According to Andrew Oswald, an economist at Warwick University, one explanation is that under capitalism we spend too much time looking over our shoulders at the Joneses. The other - more compelling - theory is that because of higher educational expectations and the onus on achievement, more and more of us are tortured by our failure to live up to the aspirations of youth.

'People start out in life pretty certain that they're going to end up like David Beckham or win the Nobel Prize,' says Oswald. 'Then, after a few years, they discover it's quite tough out there - not just in their careers, but in life. Unsurprisingly, their happiness drops.' The good news is that the downer doesn't last. According to Oswald, if you trace the trajectory of most peoples' happiness over time it resembles a J-curve. People typically record high satisfaction levels in their early twenties.
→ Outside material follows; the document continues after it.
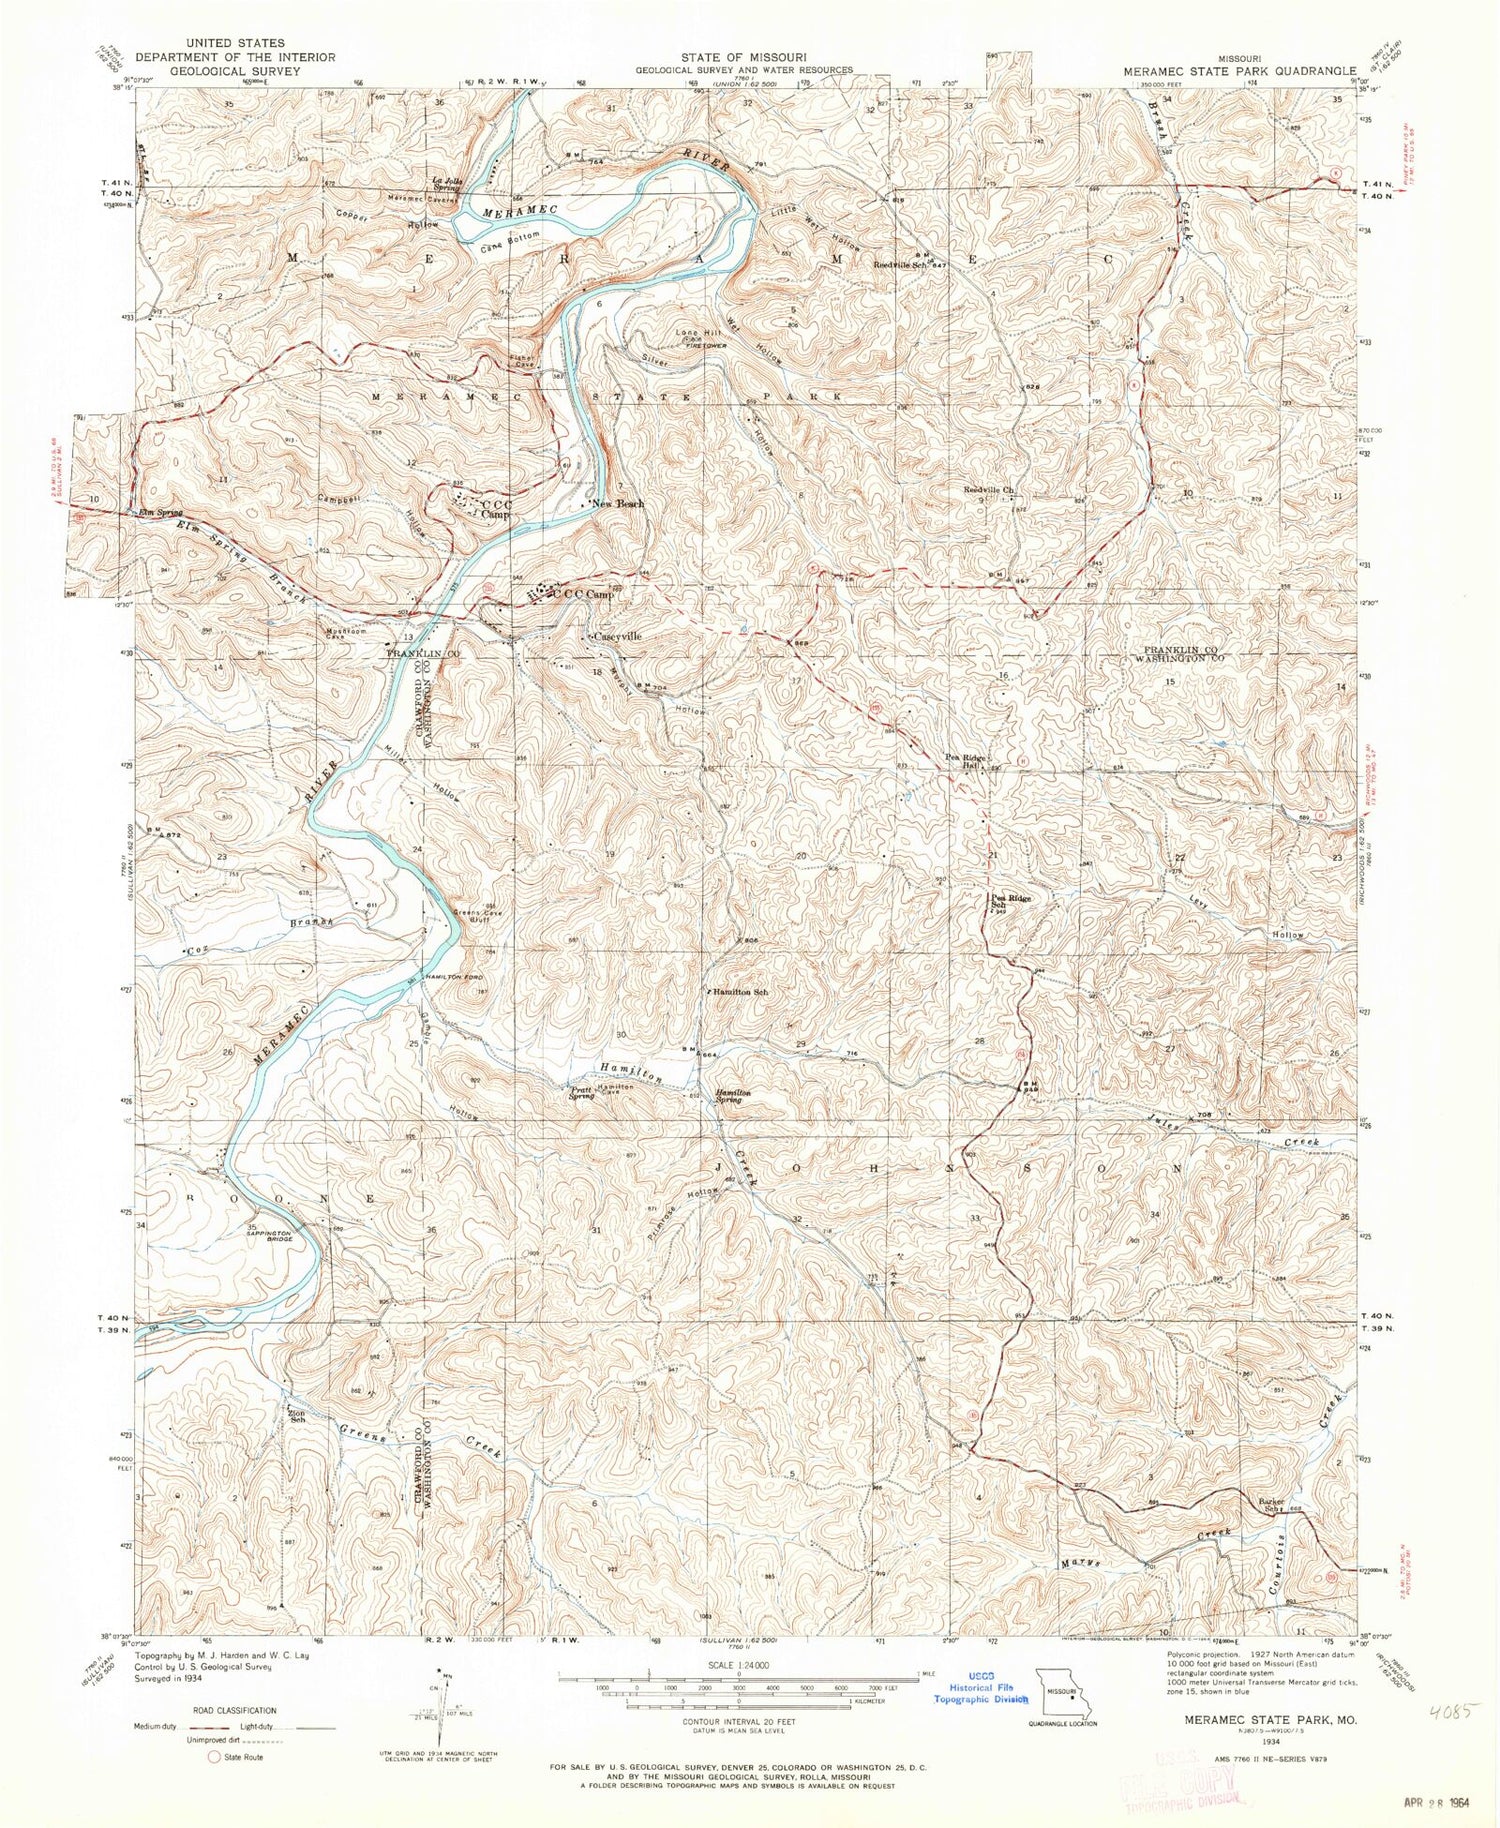 Classic USGS Meramec State Park Missouri 7.5'x7.5' Topo Map Image

These then fall steadily towards middle age, before troughing at around 42. Most of us then grow steadily happier as we get older, with those in their sixties expressing the highest satisfaction levels of all - as long, that is, as they stay healthy.
Goo from the other side: The ever-fascinating Cabinet magazine geeks out on ectoplasm:
The word ectoplasm, from the Greek ektos, "outside," and plasma, "something that can be formed or molded,"... is defined as "a viscous substance ... from which spirits make themselves visible forms... alive, sensitive to touch and light... cold to the touch, slightly luminous and having a characteristic smell...." In the 1920s, a French doctor who conducted numerous experiments expanded on the characteristics of the stuff: "The color white is the most frequent.... On touch ... it can seem soft and a bit elastic when it spreads; hard, knotty or fibrous when it forms strings.... Sometimes it gives the sensation of a spider's web fluttering over the observers' hand.... The substance is mobile. At one moment it evolves slowly, rises, falls, wanders over the medium, her shoulders, her breast, her knees, with a creeping motion that recalls that of a reptile..." The same witness warned, "Any touch will resonate painfully on [the medium]. If the touch is ever so slightly harsh or prolonged, the medium evinces pain compared to that which a shock to the quick would produce."5 After making its appearance, ectoplasm was re-absorbed into the medium's body—unless it was rudely captured, as in the case of Helen Duncan.